Your Steps Alone

In the airport, waiting for another delayed flight, and Jerry Garcia is singing in my earbuds. When you’re waiting for a miracle. I find myself reflecting on the things we wait for, and the roads we take.

About thirty years ago I took my college degree, two suitcases and a back pack full of journals and got on a plane from Newark to San Francisco.  My best friends took me to the airport and waved goodbye at the curb, after sharing the end of a joint for courage. I curled up in a window seat, crying for approximately five of the six hours, in sheer panic. I had turned down my law school acceptances at the last minute. I had no job or clear path and no discernible reason to leave on that day, August 8, 1986. Just an internal divining rod that seemed to point as far West as the country would allow.  I had visited San Francisco once. I’d read Kerouac’s On the Road, tasted Napa Cabernets and hugged a real Redwood tree not far from where the Grateful Dead lived. (!!)

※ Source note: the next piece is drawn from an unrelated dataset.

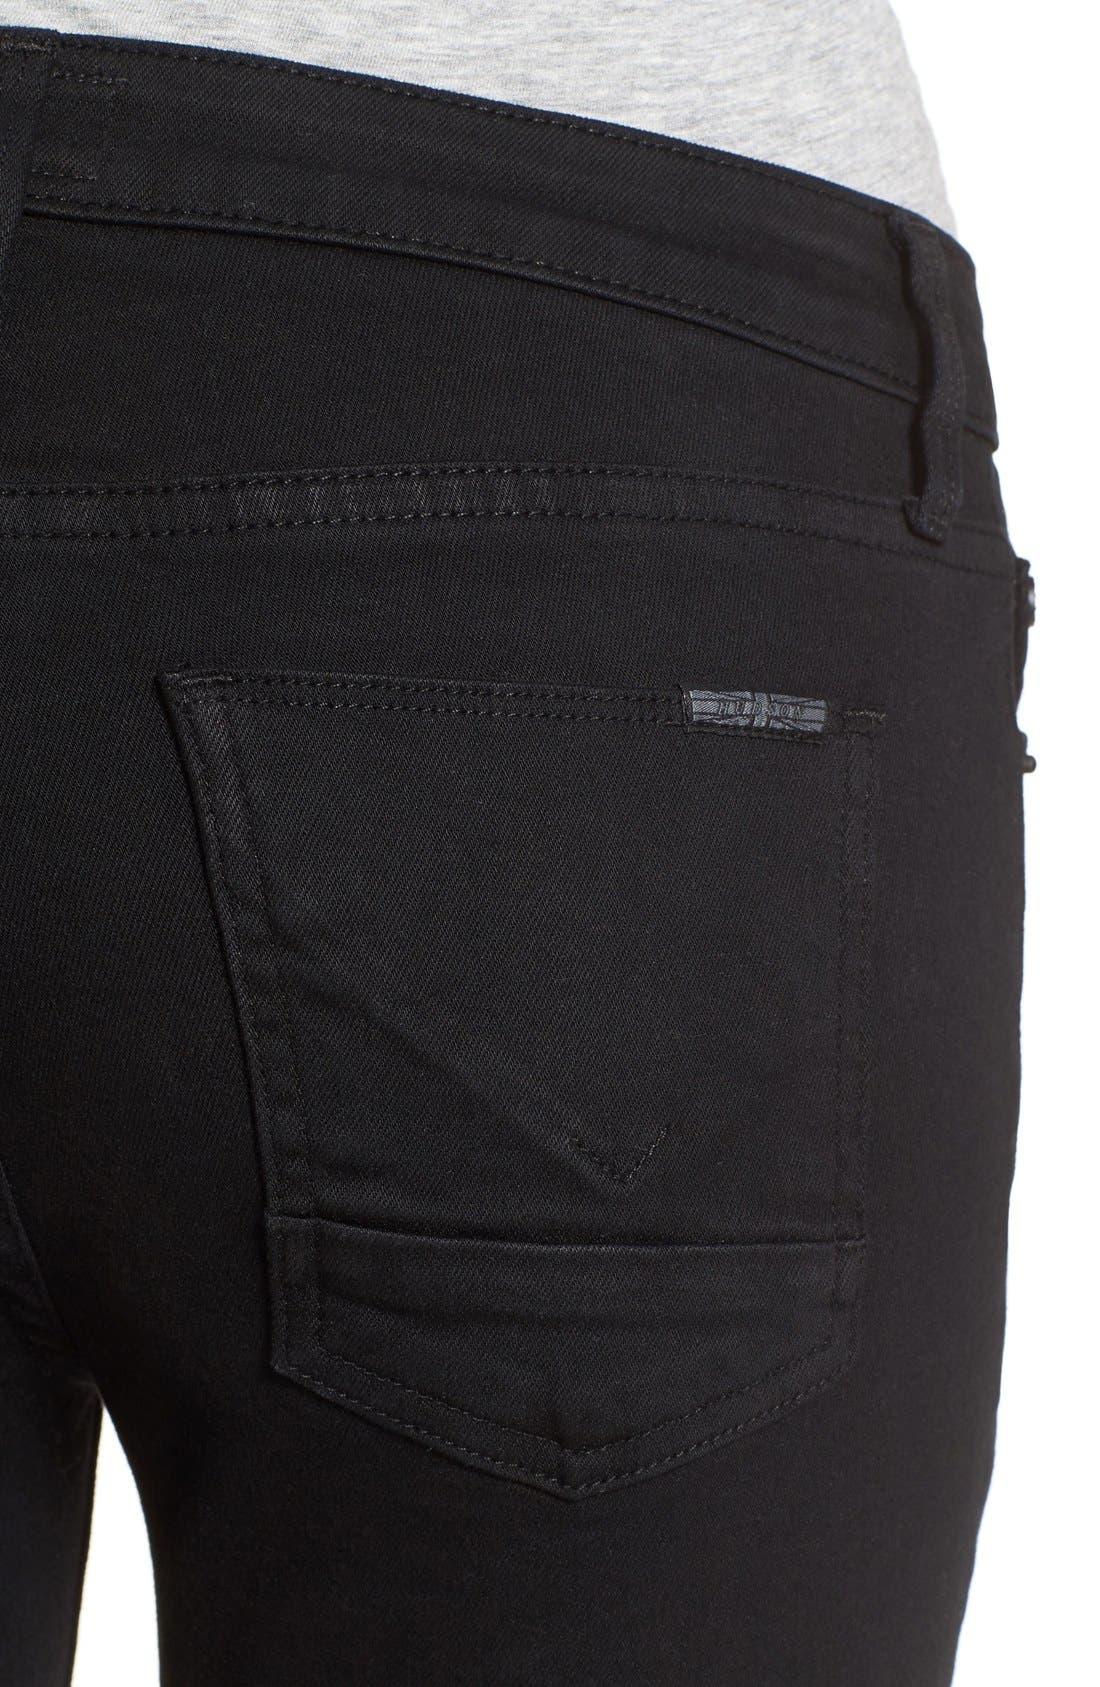 Alternate Image 4  - Hudson Jeans 'Mia' Raw Hem Crop Flare Jeans

Neither New Jersey’s pastoral green fields, nor their gritty cities could satisfy me any longer. My sister waited for me on the other side of the country in a spiffy new red VW cabriole. She was prepared to share her apartment, friends and adventurous spirit.

 

“It’s just for a year,” I told my parents and friends. Just a year, I told myself on the plane. You’ll go home again.

I didn’t know I’d meet my husband the night I arrived in San Francisco, my face still tear soaked. That the fog rolling in and out across the water would become the blanket of my days; that I’d raise small fine humans who grew up to the rhythm of the Bay; that my parents would follow me and finish their lives watching the sunset over this golden city; that my childhood friend would join me for a weekend and never leave. That we would all go on to play trivia together on Tuesdays nights. . . That I would become a true Californian, slowly shedding ski jackets for flip-flops.

Had I known what I was embarking on – a whole life – would it have been easier or harder to get on that flight?

Now my oldest son prepares to take the reverse geographical leap, heading off to explore life in Manhattan. He might be back in six months, clear that it’s not for him.  It’s New York – loud, expensive, intense and winter is. .. well, winter. Or he might dig into New York the way I did with San Francisco. He’ll eat the cannolis of my childhood, build campfires in the Catskills, fight for a spot on a sweltering NJ beach day and run downtown for half-price tickets to the theater. With any luck, he’ll jump on one of those stages himself.  I’ll enjoy the ride as his observer for as long as he chooses to stay, visiting as much as possible.

When I arrive back East, the same friends that took me to the airport years ago will be waiting, ready to share a glass of wine and continue our endless conversation. They always are. Three thousand miles and thirty years hasn’t made a dent in our closeness.  They will be my son’s New York family.

I went with these friends to see Jerry Garcia perform a few days before I left New Jersey. We sat on the grass on a balmy August evening, singing along, feeling the bittersweet moments before parting, like sweet fruit about to spoil. Someone slipped a cassette tape into my hand for the trip across the country, a live Jerry tape. A passport of sorts.

On the plane ride, Jerry crooned and I cried as the tape played over and over.  Together we travelled to my new life.

There is a road, no simple highway

Between the dawn and the dark of night.

And if you go no one may follow

That path is for your steps alone.

Ripple in the water

When there is no pebble tossed

Nor wind to blow.

You who choose to lead must follow

But if you fall you fall alone.

If you should stand, then who will guide you?

If I knew the way, I would take you home.